I want to ensure that a match is only provided if "Micky Mouse" is at the beginning of a new sentence, i.e., only if it follows on a dot "." However, there should also be a match irrespective of any new lines or spacings between "Micky Mouse" and the end of the previous sentence. So the following expression should also provide a match print("This is a sentence. \nMicky Mouse")

CodePudding user response：

You can match optional whitespace chars after the dot:

\.\s*Micky Mouse\b

The pattern matches:

\.\s* Match a dot and optional whitespace chars (that can also match a newline)
Micky Mouse\b Match literally followed by a word boundary

Regex demo

CodePudding user response：

The \s flag matches for all whitespace characters including \n.
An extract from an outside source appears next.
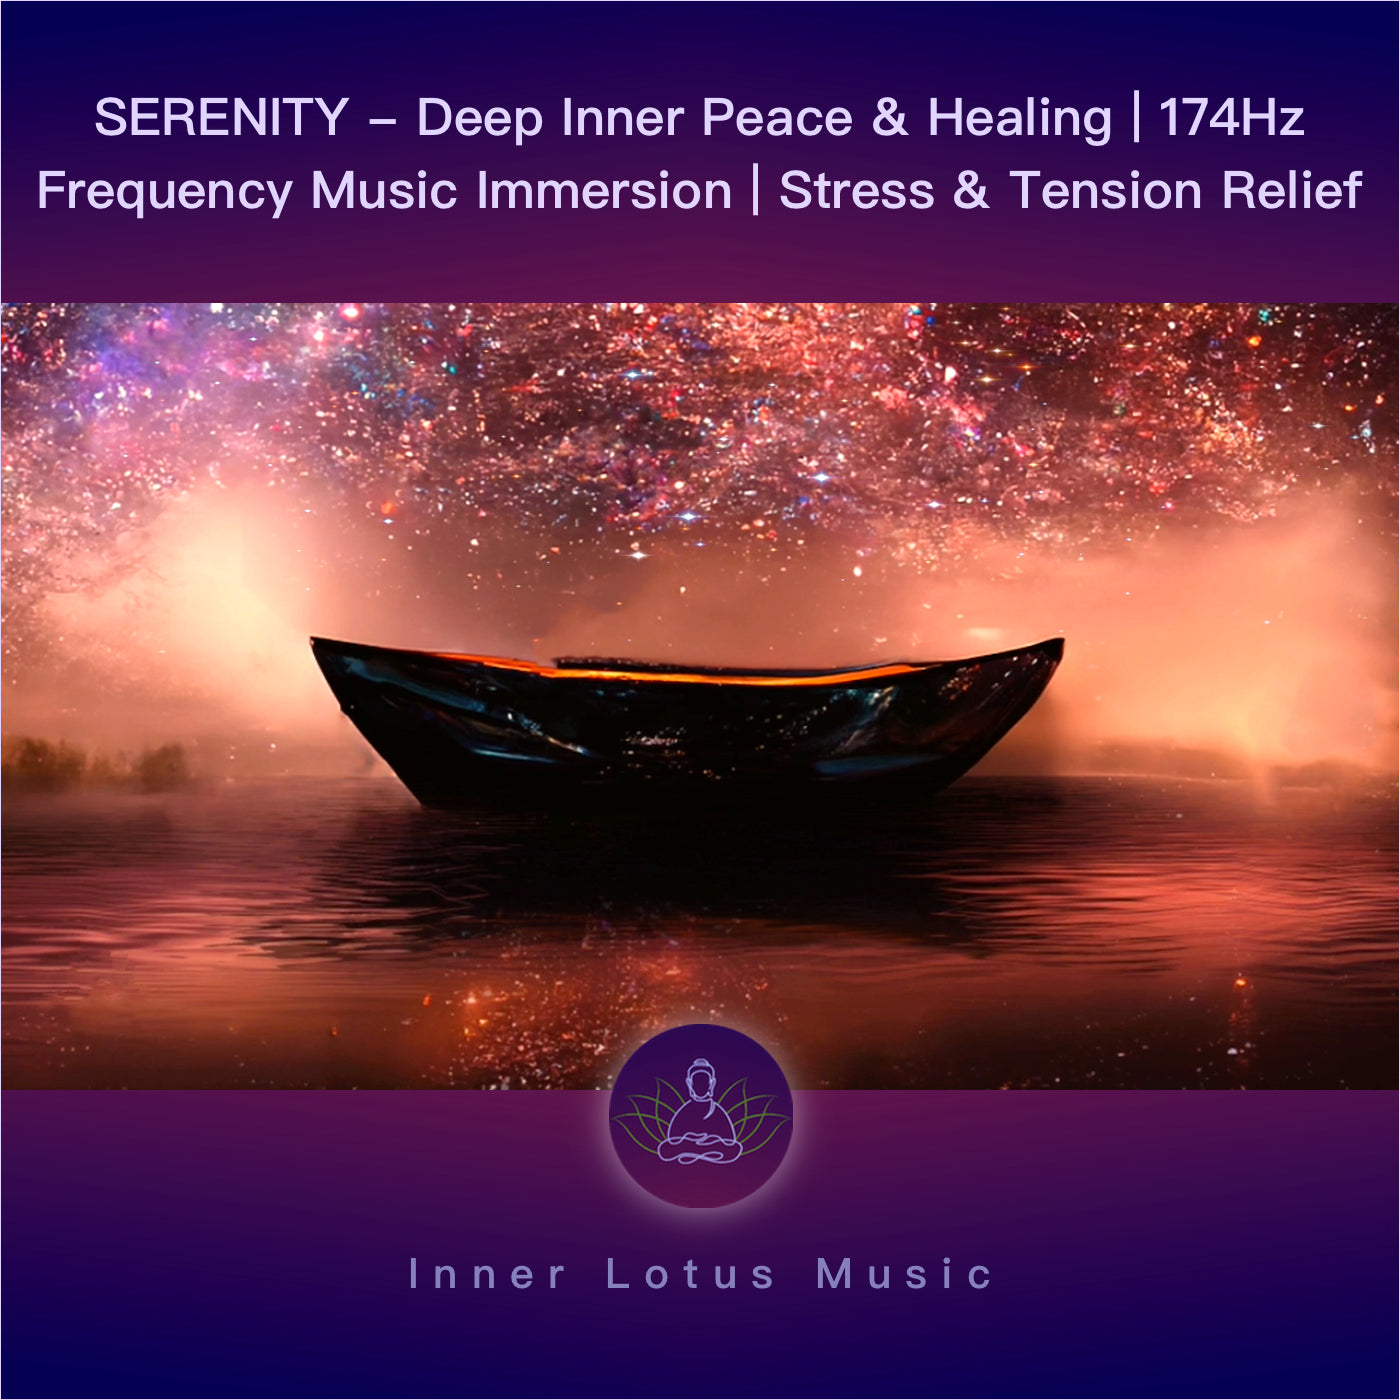 SERENIDAD - Paz Interior Profunda y Curación | Música inmersiva 174Hz contra Estrés, Tensión y Dolor

Something like the following should do the trick

re.compile(".\s?Mickey Mouse")

CodePudding user response：

In order to be at the beginning of a sentence, and ignore any whitespace differences after it, prepend the match target with (?:^|\.)\s*.

(?:) -> it doesn't create a group
^|\. -> either the beginning of the String ^ or | a literal dot \.
\s* -> any amount of whitespace, including newlines, spaces, tabs, etc.

import re

string= """This is a sentence. Micky Mouse. 
           Micky Mouse again. No Micky Mouse match here."""

pattern = re.compile(f"(?:^|\.)\s*Micky Mouse")
name_match = re.finditer(pattern, string)
print([match.group(0) for match in name_match])

output:

['. Micky Mouse', '. \n           Micky Mouse']